A recent study published in the May issue of Cell Metabolism discovered that a hormone secreted in the gut drives individuals to eat by making food seem more appealing. The hormone, ghrelin, was infused into healthy volunteers who were subsequently shown pictures of various foods while being subjected to an MRI to study the brain’s reward centers. The hormone was found to stimulate not only visual processing of food images but also memory. Volunteers in the study recalled the food images as being particularly appealing even some time after testing. According to Dr. Alain Dagher, M.D., of McGill University, “Ghrelin has widespread effects, not just on one or two brain regions, but the whole network. …After ghrelin infusion food pictures become even more salient — people actually see them better. It influences not only visual processing, but also memory.

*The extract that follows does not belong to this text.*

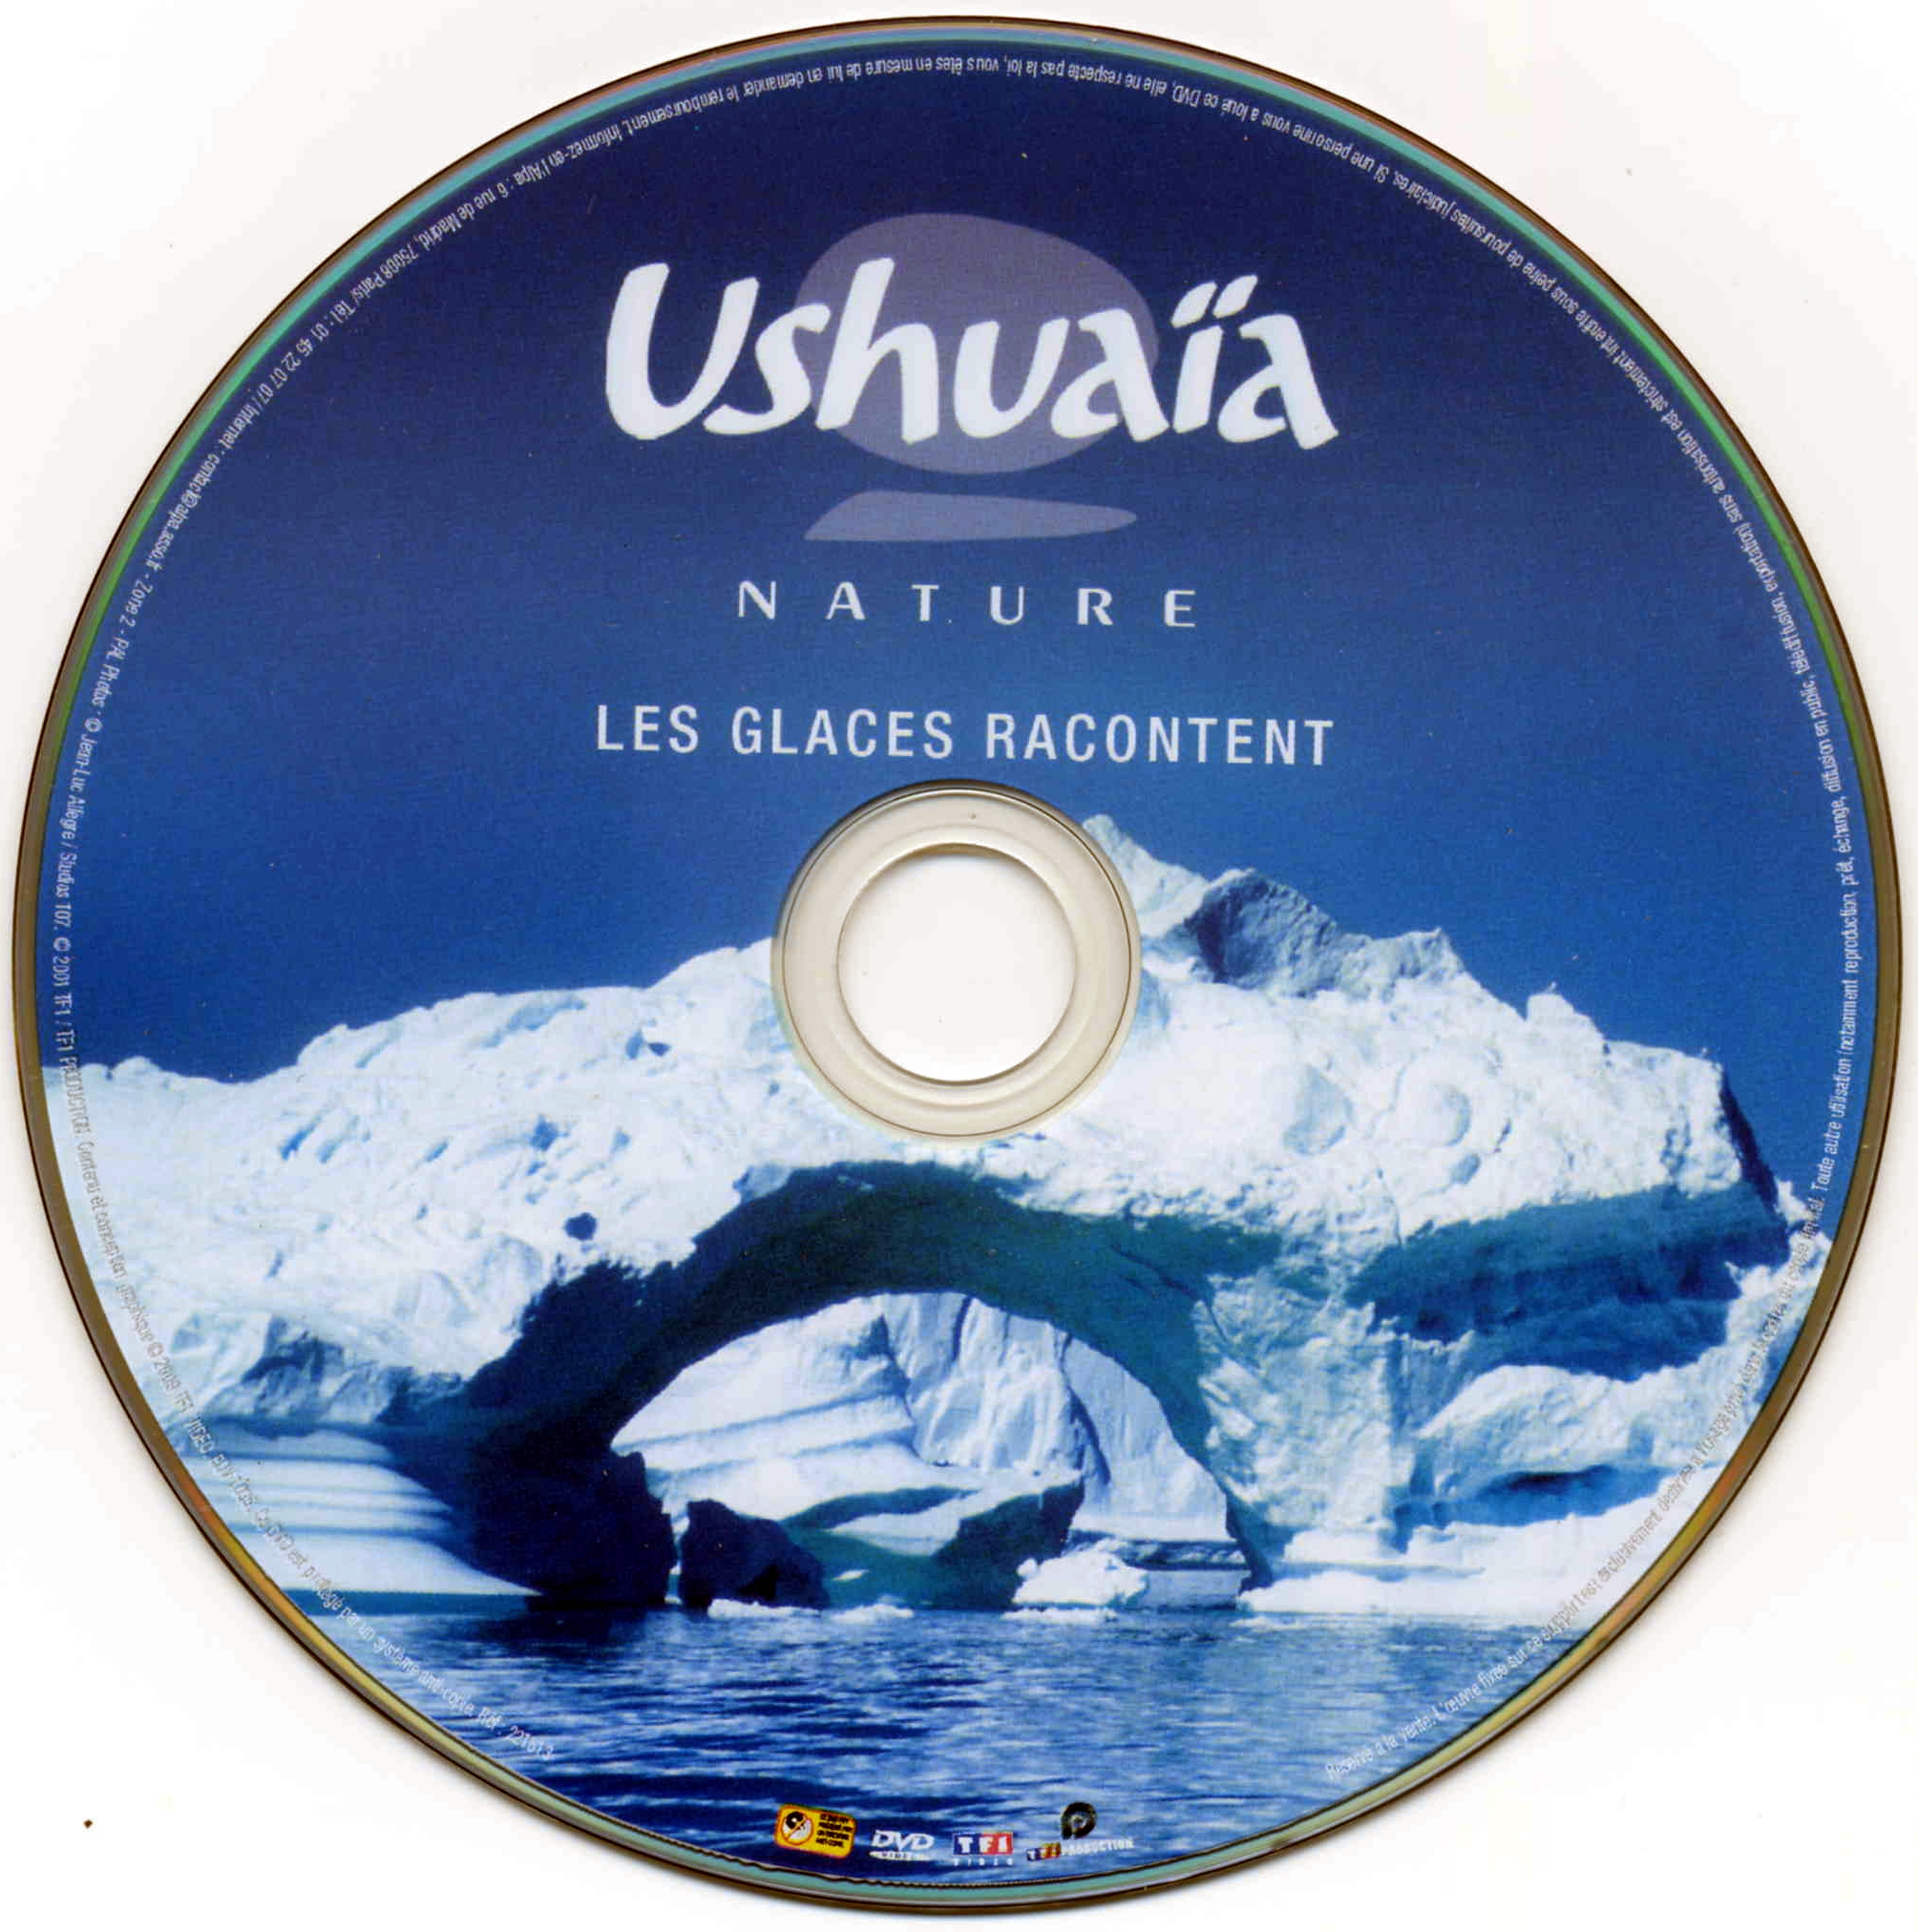 Ushuaia Nature - Les glaces racontent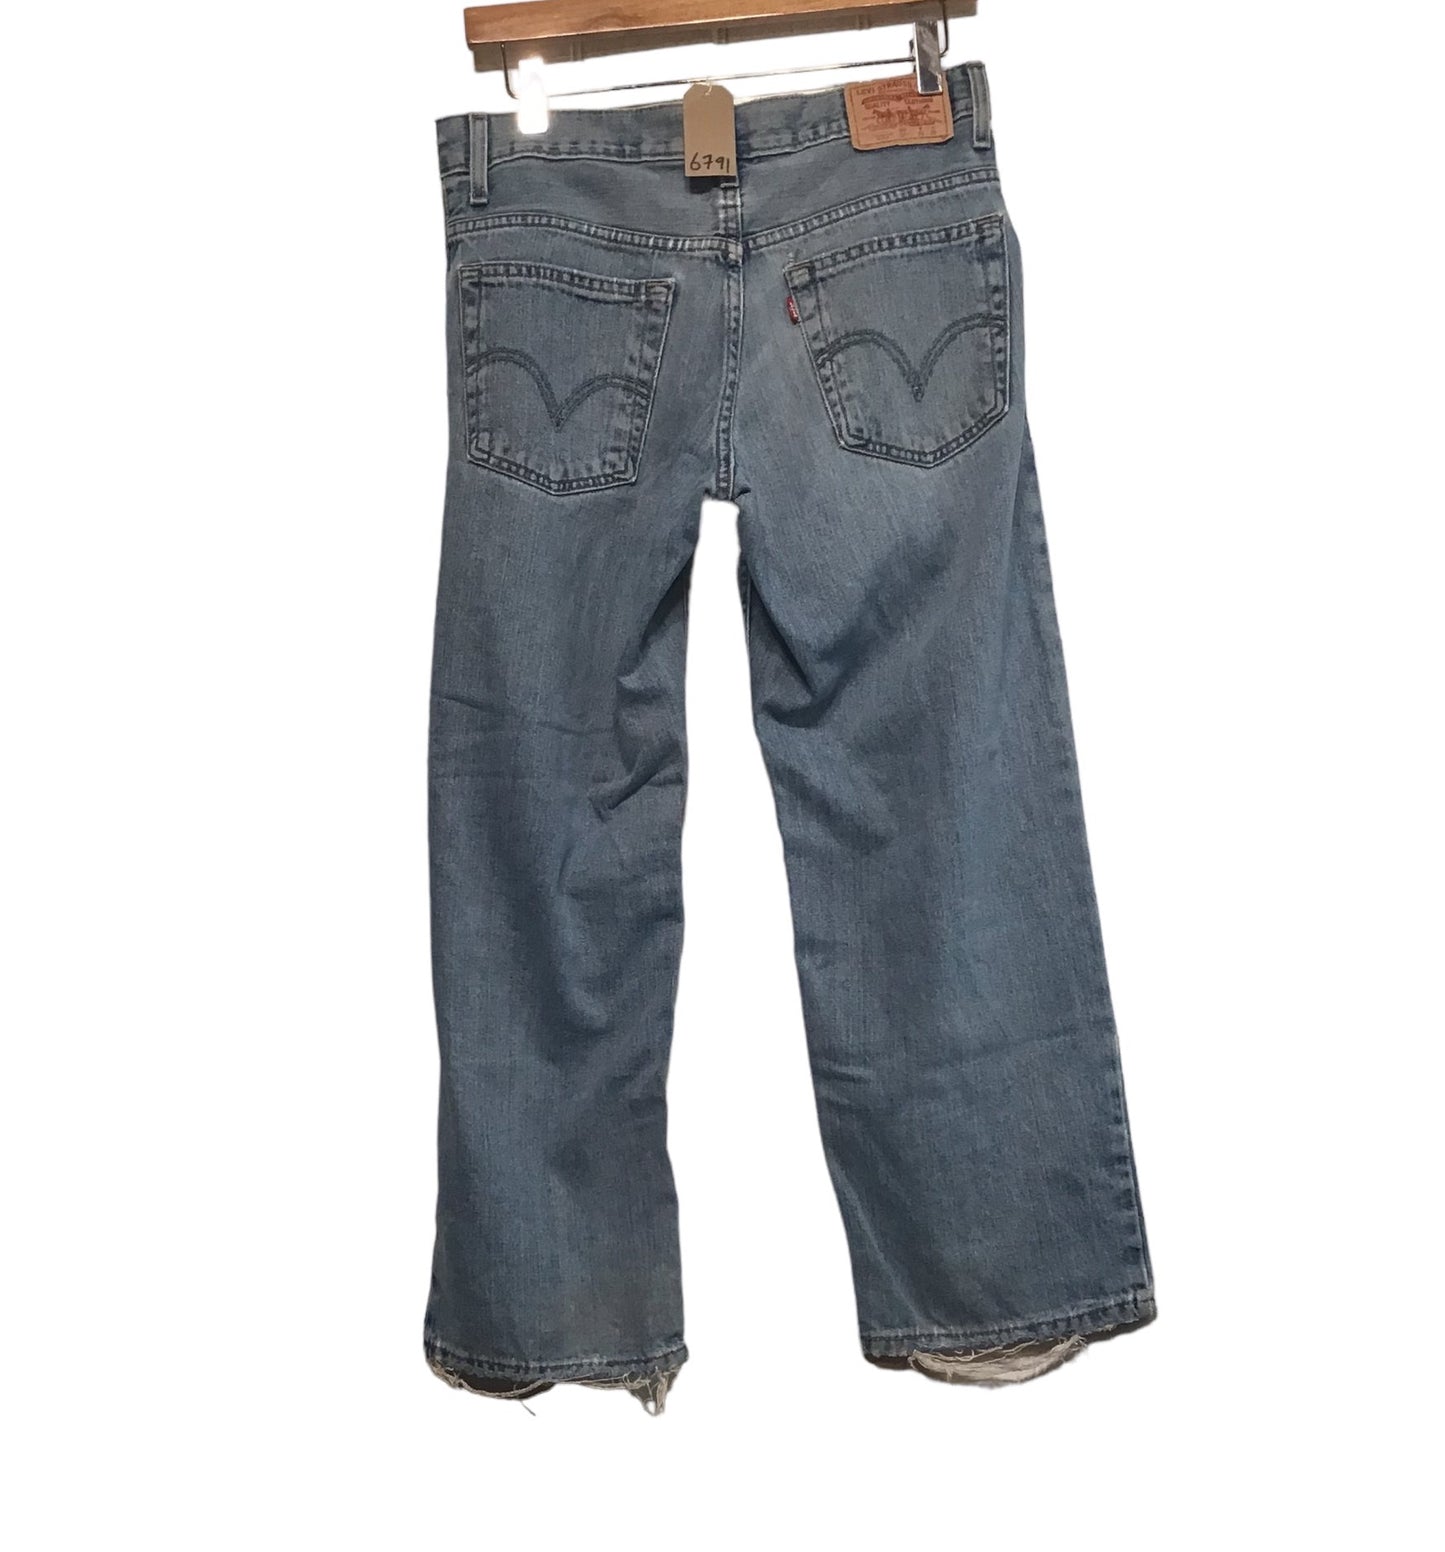 Levi 550 Jeans (30x26)

People remembered the food pictures better when ghrelin was high.” The following is an excerpt of an article from Medpage Today that reviews the study:
To learn more about the origin of ghrelin’s effects on eating, Dr. Dagher and colleagues studied 20 nonobese healthy volunteers.
Three hours after eating a standardized meal, the participants viewed a series of pictures of food and scenery and subjectively rated their appetite and mood. Investigators also examined the participants’ recall of the pictures.
Then 12 participants received ghrelin by intravenous infusion and eight received a placebo infusion.
All participants underwent functional brain MRI and then viewed the same pictures again.
Participants in the ghrelin group demonstrated a significant increase in hunger assessment and recall of food pictures after receiving the hormone (P=0.01) but hedonic ratings did not differ between the two viewings of the pictures.
In the placebo group, neither picture recall nor subjective responses differed between the two viewings.
Brain imaging after administration of ghrelin, versus placebo, revealed heightened neural response in the amygdala, orbitofrontal cortex, anterior insula, and striatum.
“These regions encode the salience and the hedonic and incentive value of visual cues,” the authors said. “This effect likely accounts for the ability of ghrelin to trigger and promote feeding.”